Please write the listing below out again exactly, leaving every picture behind.

BEGIN Provided data

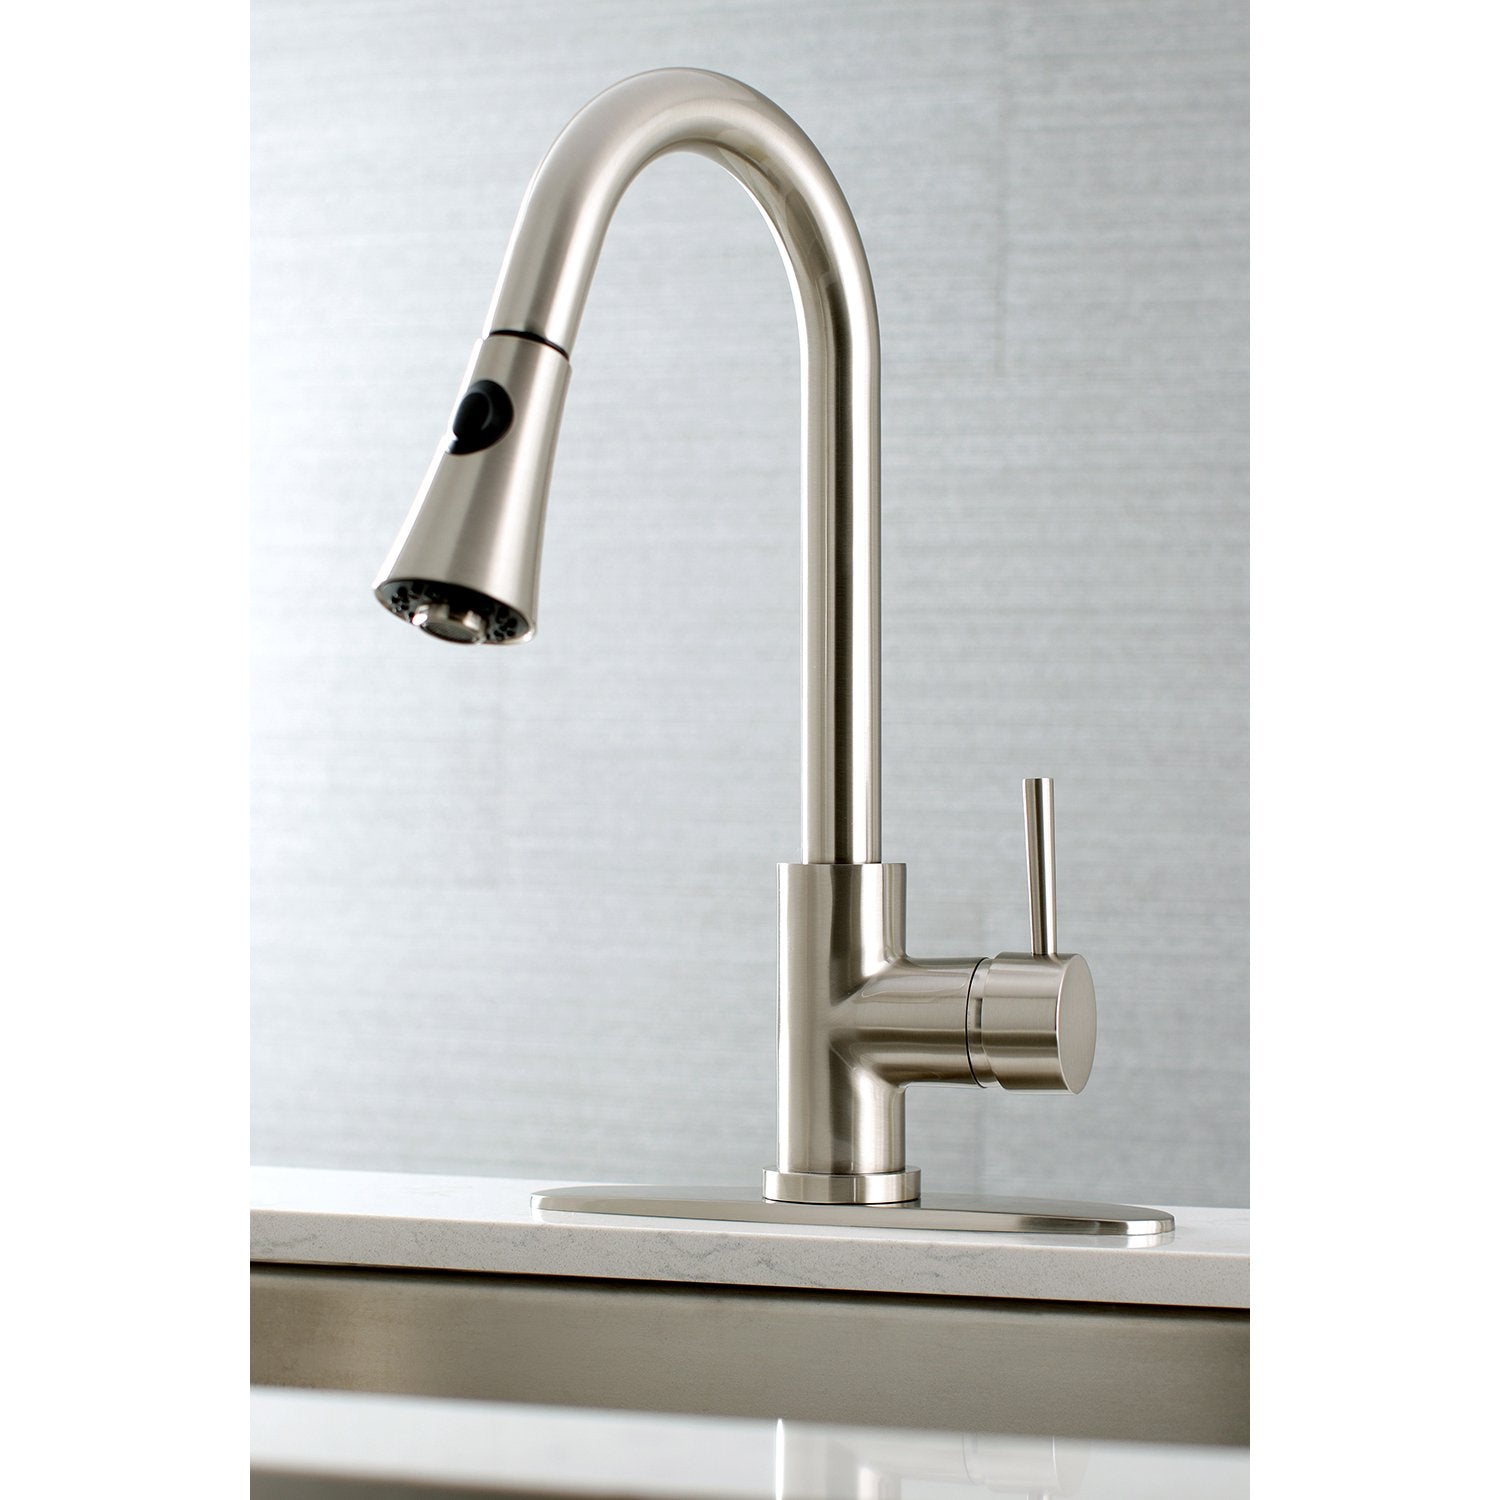 Kingston Brass Gourmetier Concord Deck Mount Single-Handle Pull-Down Kitchen Faucet
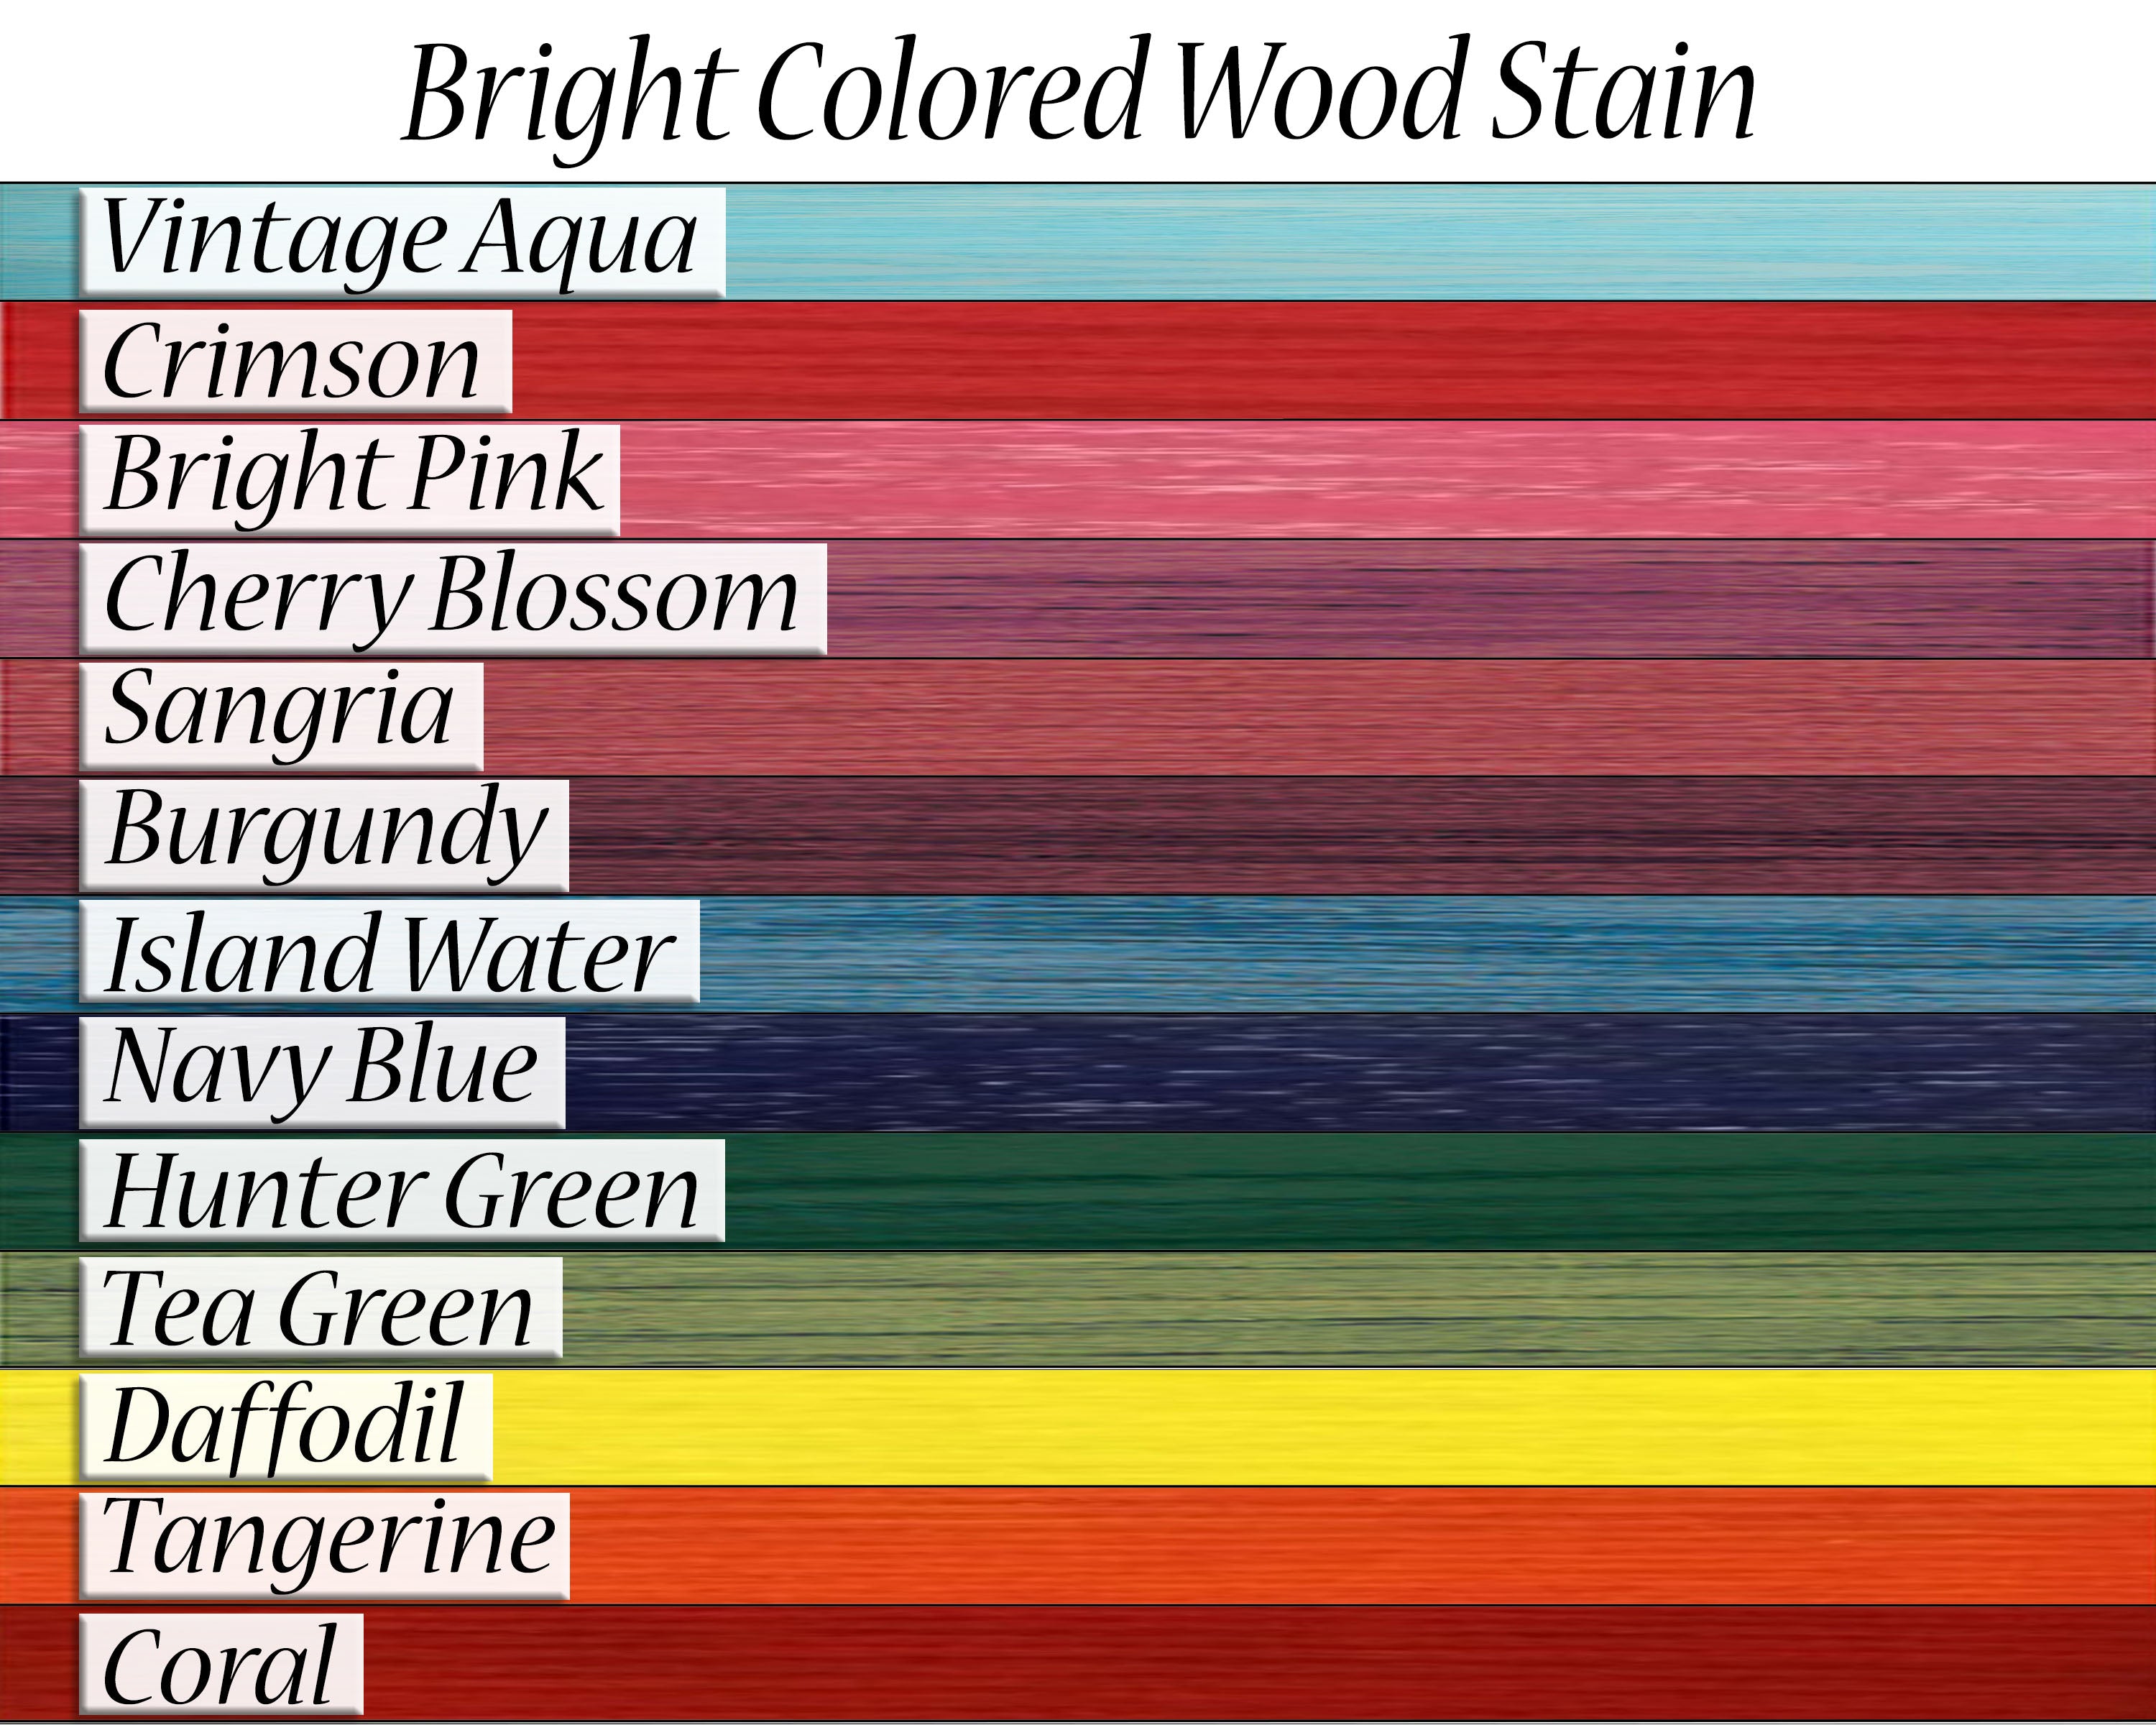 Custom Bright Colored Stains 
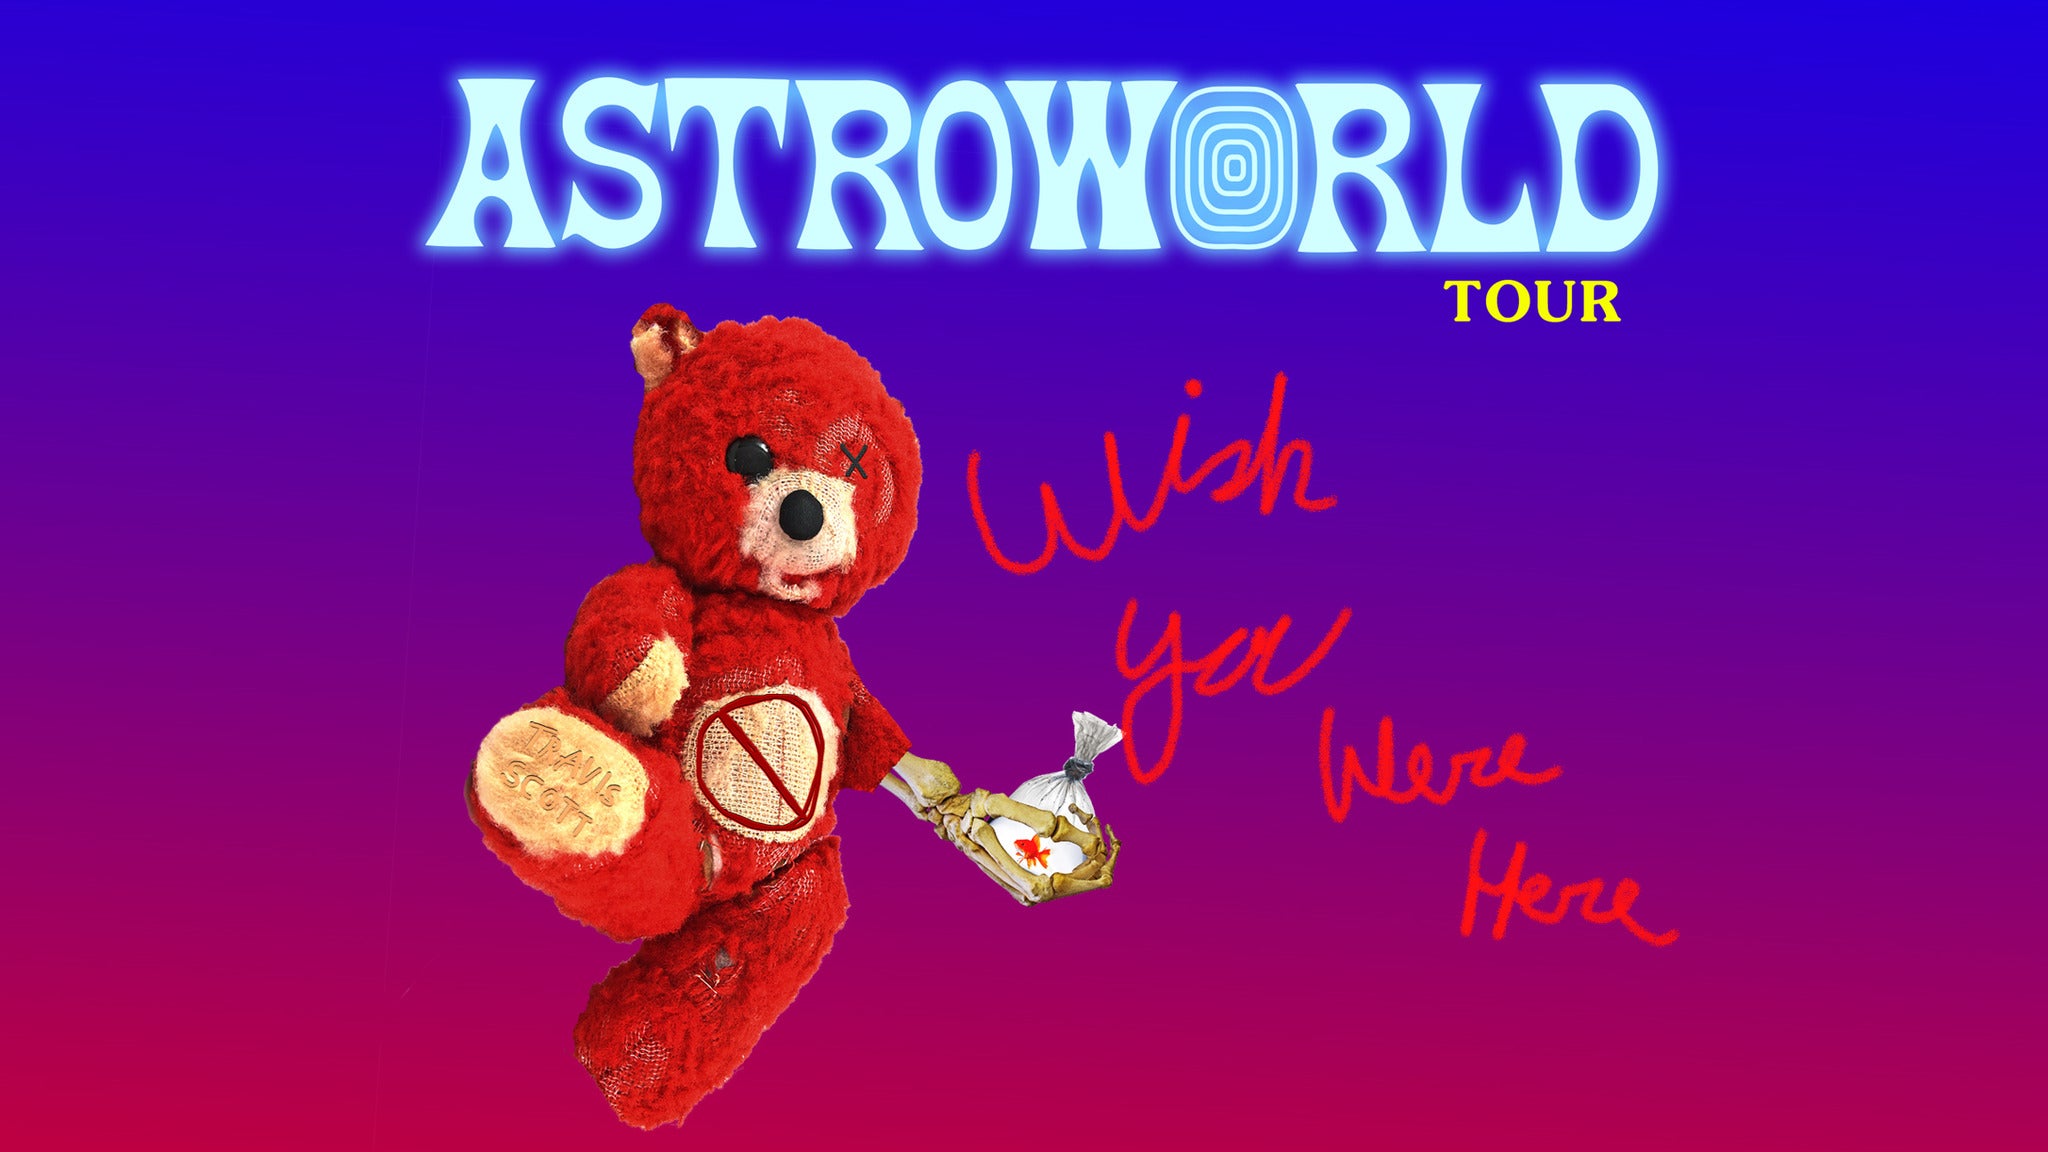 TRAVIS SCOTT - ASTROWORLD: WISH YOU WERE HERE TOUR in Tampa promo photo for Live Nation presale offer code

END Provided data

The answer |
 Kingston Brass Gourmetier Concord Deck Mount Single-Handle Pull-Down Kitchen Faucet
 Custom Bright Colored Stains 
 TRAVIS SCOTT - ASTROWORLD: WISH YOU WERE HERE TOUR in Tampa promo photo for Live Nation presale offer code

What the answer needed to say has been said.